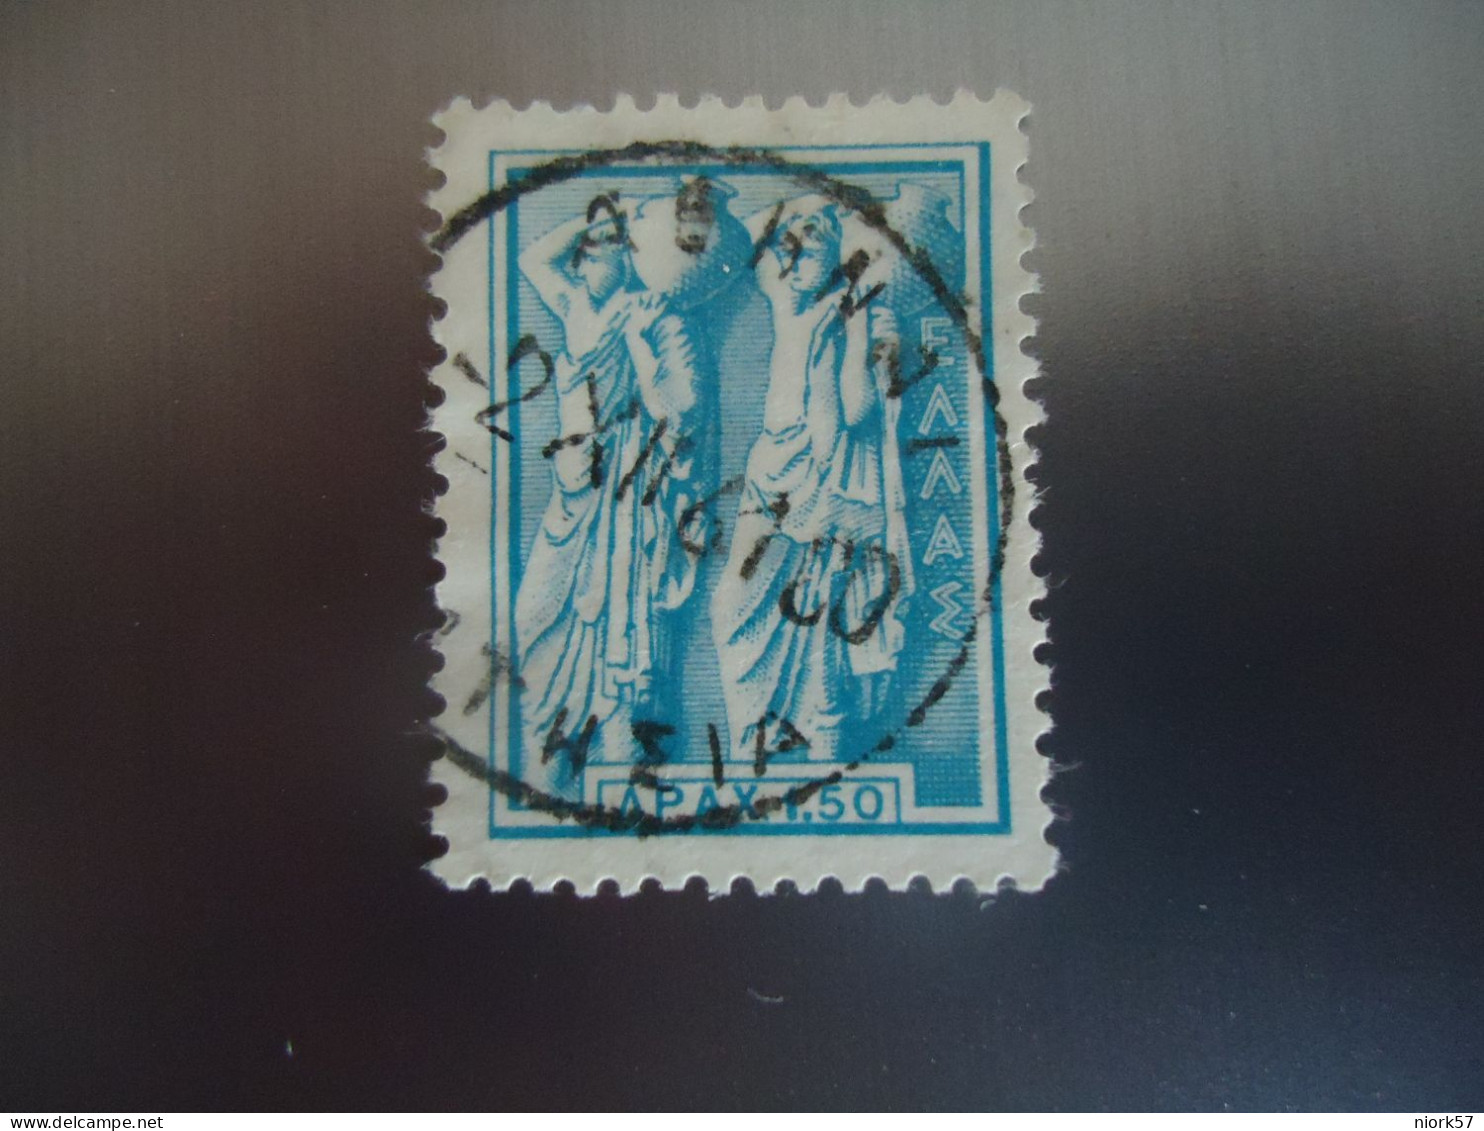 GREECE   USED STAMPS  POSTMARK  ΑΘΗΝΑΙ   ΠΑΤΗΣΙΑ 1961 - Used Stamps
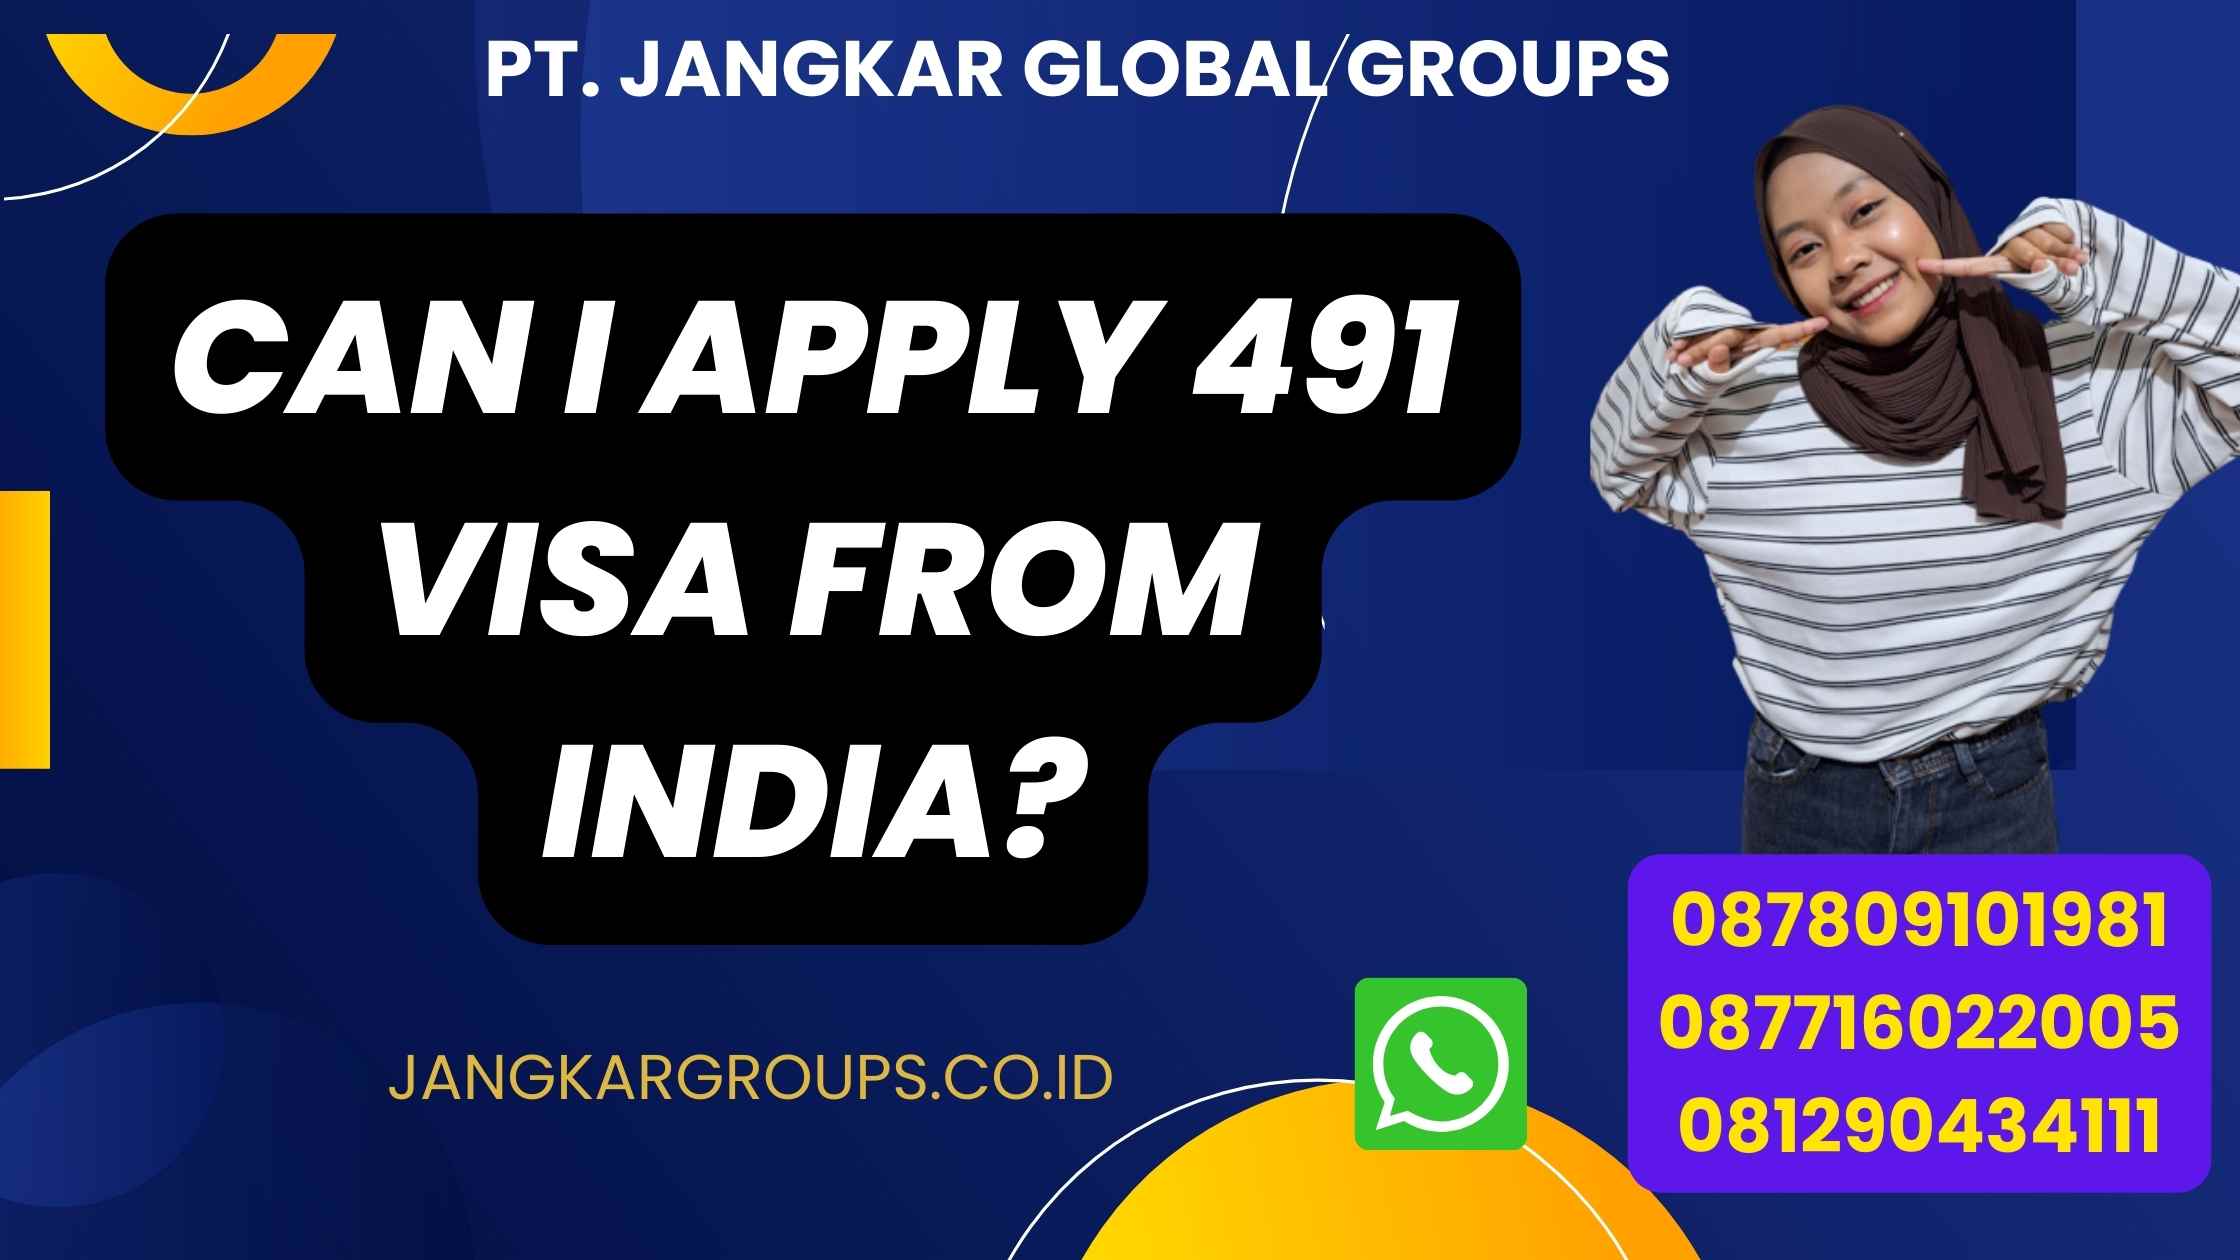 Can I Apply 491 Visa From India?
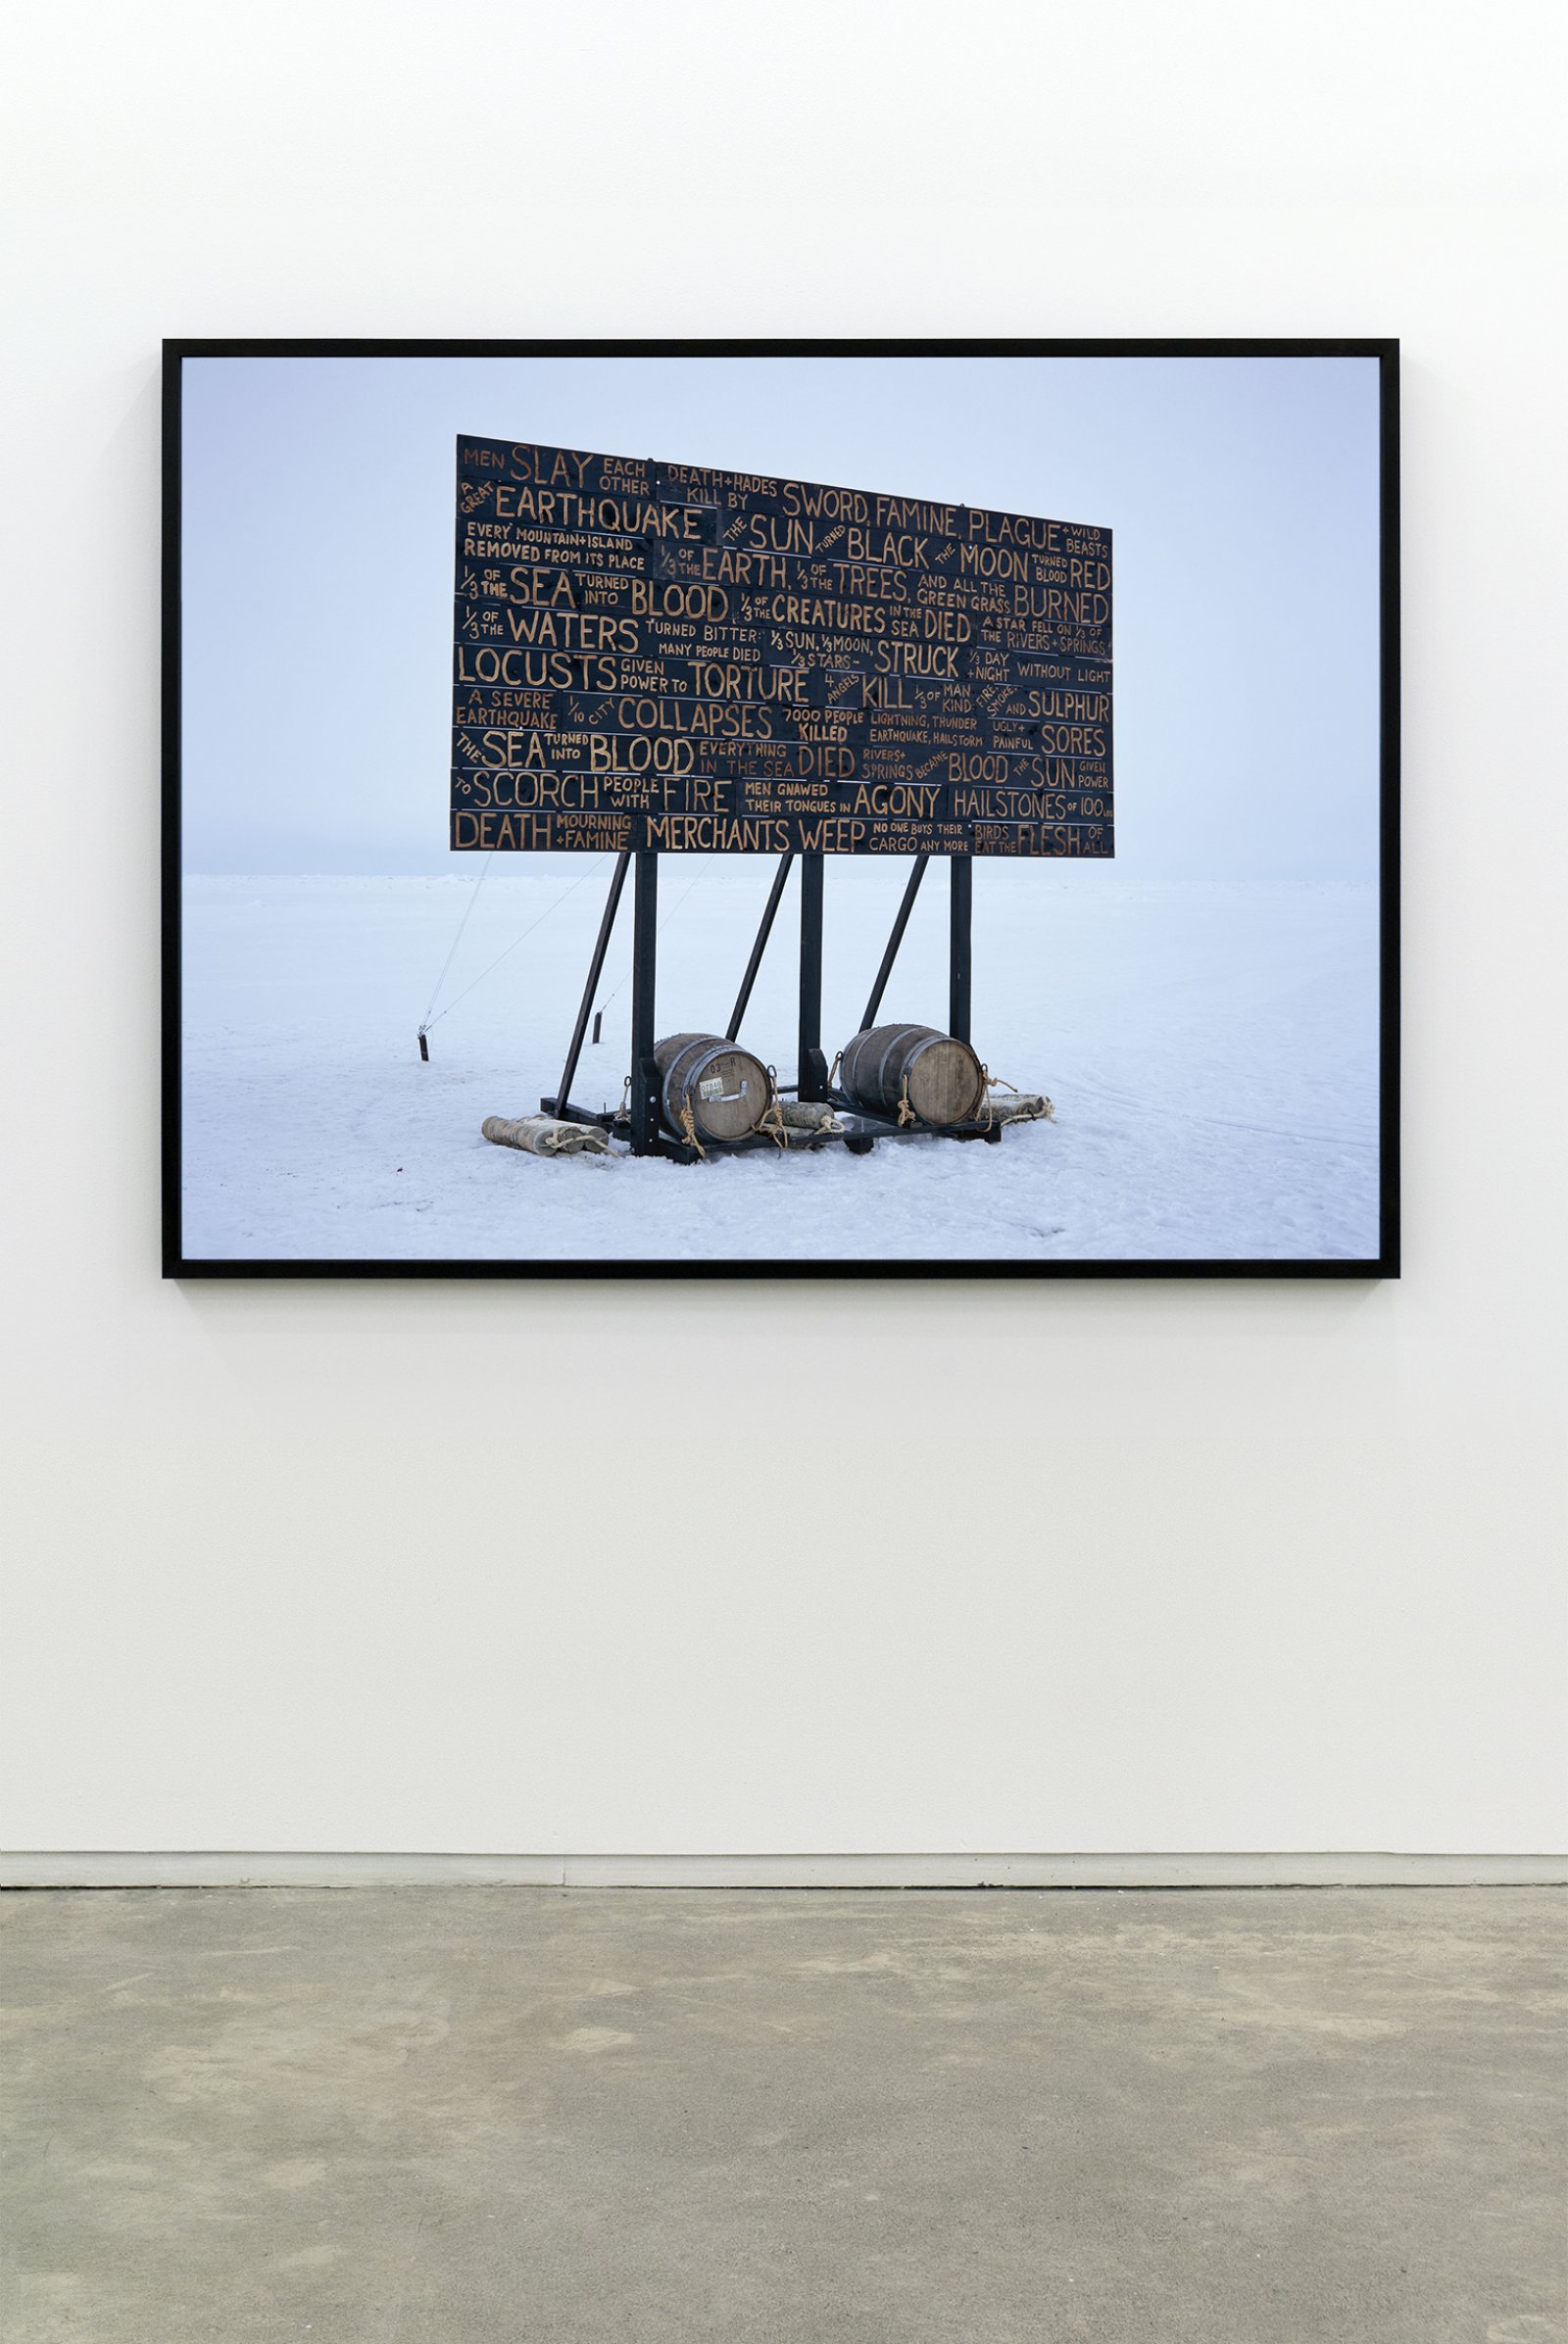 Kevin Schmidt, A Sign in the Northwest Passage (Museum Photograph), 2010, c-print, cedar frame, 64 x 49 in. (163 x 124 cm)
----
→ **What to do**:
Set down the data exactly as it appears, without any images.

→ **Finished task**:
 GREECE   USED STAMPS  POSTMARK  ΑΘΗΝΑΙ   ΠΑΤΗΣΙΑ 1961 - Used Stamps
 Can I Apply 491 Visa From India?
 Kevin Schmidt, A Sign in the Northwest Passage (Museum Photograph), 2010, c-print, cedar frame, 64 x 49 in. (163 x 124 cm)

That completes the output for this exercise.